For some reason, I was impervious to grief and pain during the day. Maybe what happened last week gave me perspective. I knew it was ash Wednesday but I ignored it completely, just as I have been avoiding all religious ceremonies and traditions for almost a year, although I still had no meat today, go figure. In general, I was doing OK even after I got home.

And then I checked my email and there it was, a kind message from my mother, which opened the floodgates again.

In my last post, I complained about people diminishing my pain. Well, apparently, having my mother respect it and commemorate my baby's death is also not helpful, because I cried and cried and am still crying.

Or maybe my grief was just waiting for a good excuse to finally surface. Who knows? I will not see Dr. Funny until next week. I must remember to ask him what this all means.

Tuesday, March 8, 2011

Pardon the Silence

Last week I got my period. I will not describe in detail what I found on my pad, except to say that now I know that I probably had an empty sac at the time I was testing for pregnancy. That would explain why my period had failed to show up by day 44. Or was it day 45? I don't remember. All I know is that Dr. Mediocre did not deem it important enough to see me in person, and only told me over the phone to start taking birth control pills that weekend instead of waiting for my period.

Which is actually not so bad. If this was, as I suspect,  a blighted ovum, he would have wanted to do a D&C. It's better this way. Almost no pain and, because I had convinced myself that I was never pregnant, not so shocking.

Still, it made me very depressed and made me feel very alone. Nobody I talked to about this seemed to think this was a big deal. After all, I never knew I was pregnant.

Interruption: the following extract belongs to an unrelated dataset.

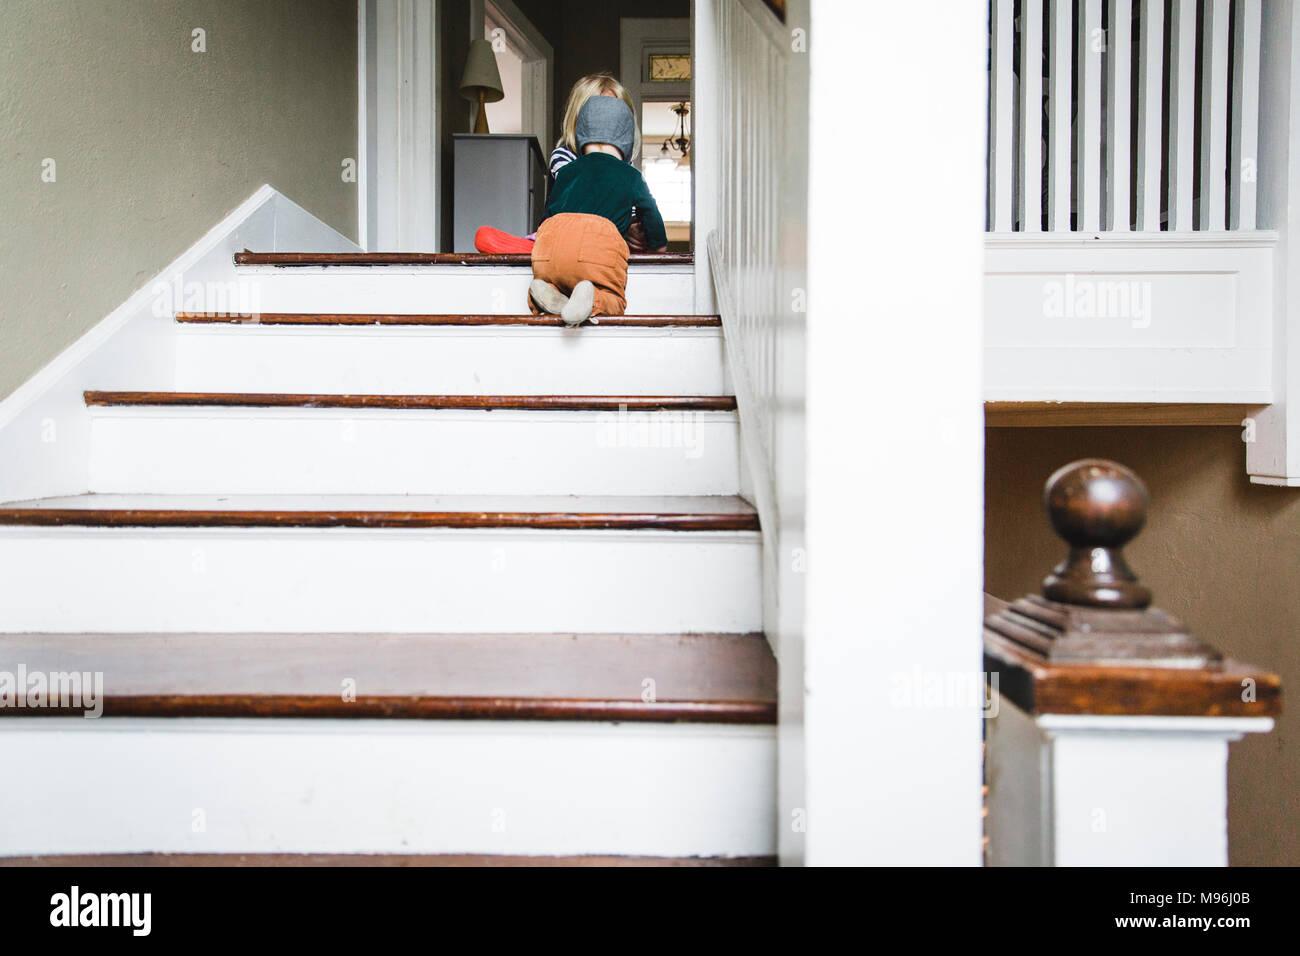 baby krabbeln die treppe stockfoto bild 177781419 alamy. Black Bedroom Furniture Sets. Home Design Ideas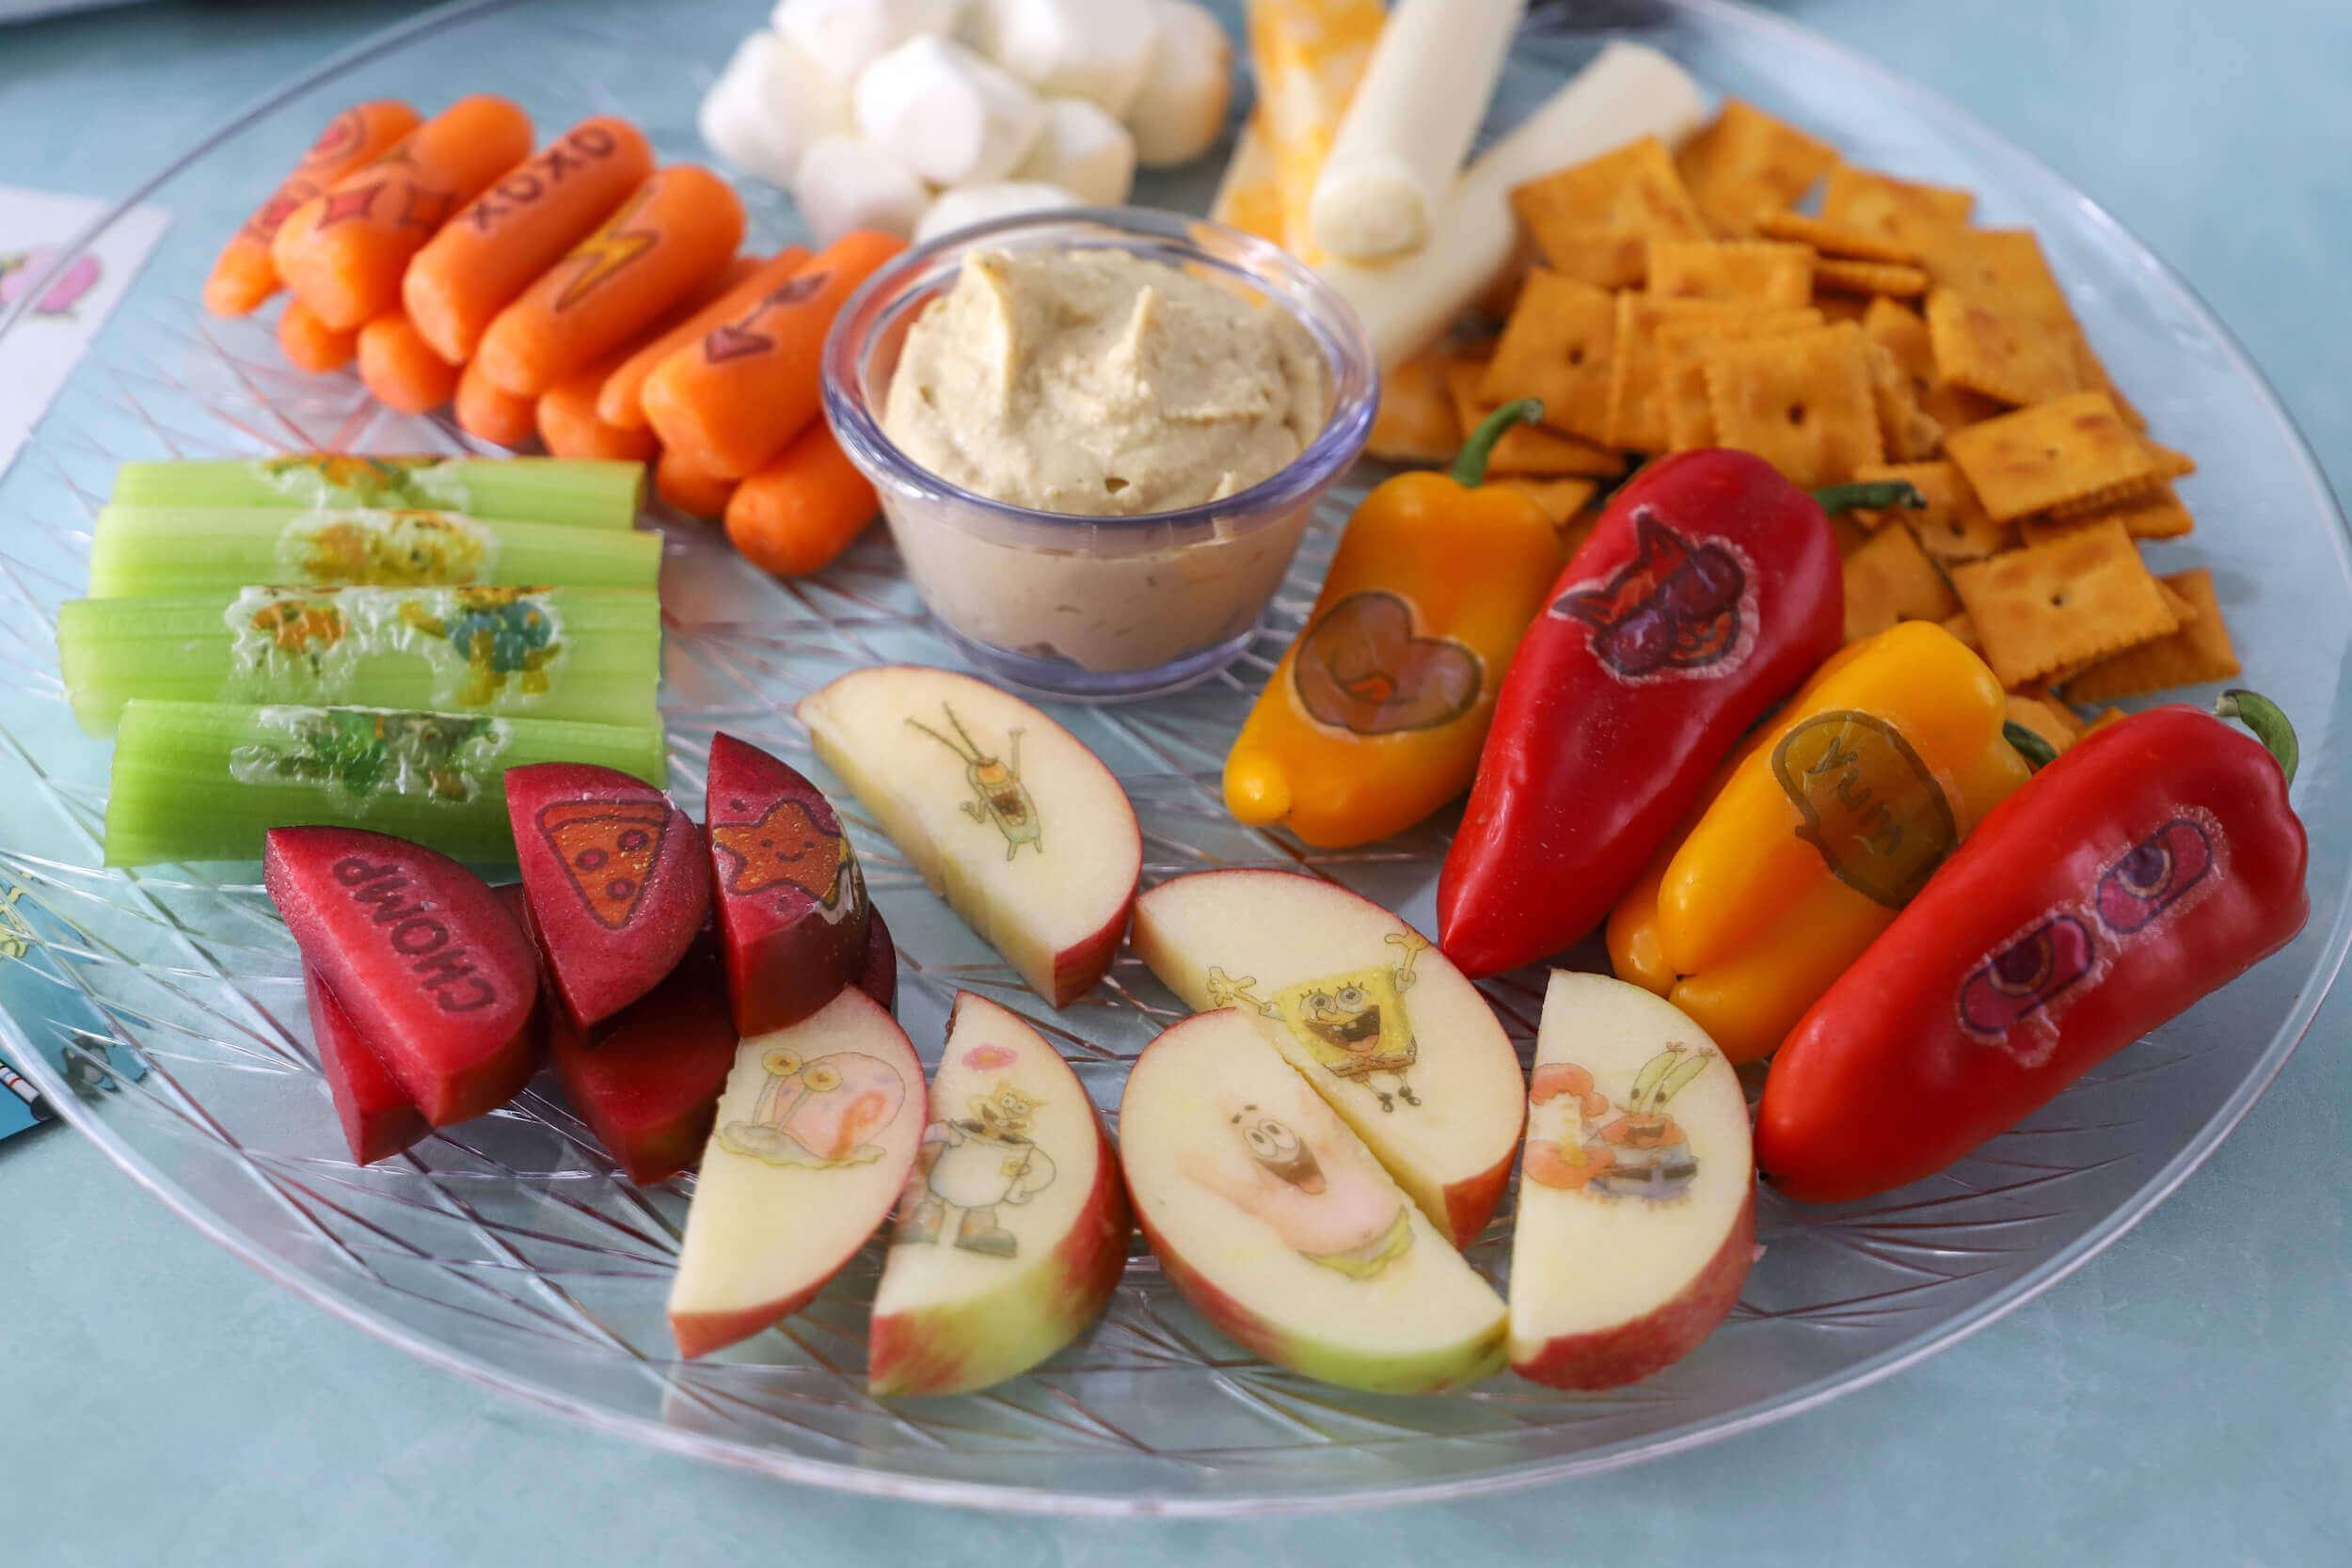 StickyLickits Poolside Snack Tray

I am better now, though still a little bit angry. I need to find another doctor. I'm never going back to Dr. Mediocre.

Thursday, March 3, 2011

Who decides what's best for me?

Dr. Funny graduated me from weekly visits to bi-weekly visits. And not precisely because of my mental stability, but due to pressure from my insurance company.

Back in September, I was seeing him twice per week. After a month when he asked me if I would be all right if we saw each other only once per week, I said yes, and felt very proud of myself, thinking that it was a sign of progress, that I could go through a whole week without the need of sharing my thoughts and feeling reassured.

Well, it turns out that, back then, it was also the insurance company who insisted that once per week was enough.

Said insurance company recently sent me a self-help brochure on depression and anxiety, probably hoping that I will pull myself from my bootstraps and stop causing them such an expense.

I hate self-help books. Even if I agree 100% with what they say, I just can't bother to read them. I reserve my reading moments to books I actually enjoy. Self-help literature feels like unwanted homework.

That said, I've checked all sorts of books from the library on depression, infertility, miscarriage, meditation and even relaxation. Whenever someone recommends a book I make a honest attempt to read it. No good. I'm not meant to read that kind of stuff, even when it seems like a good idea.

I wish I could explain this to my insurance company.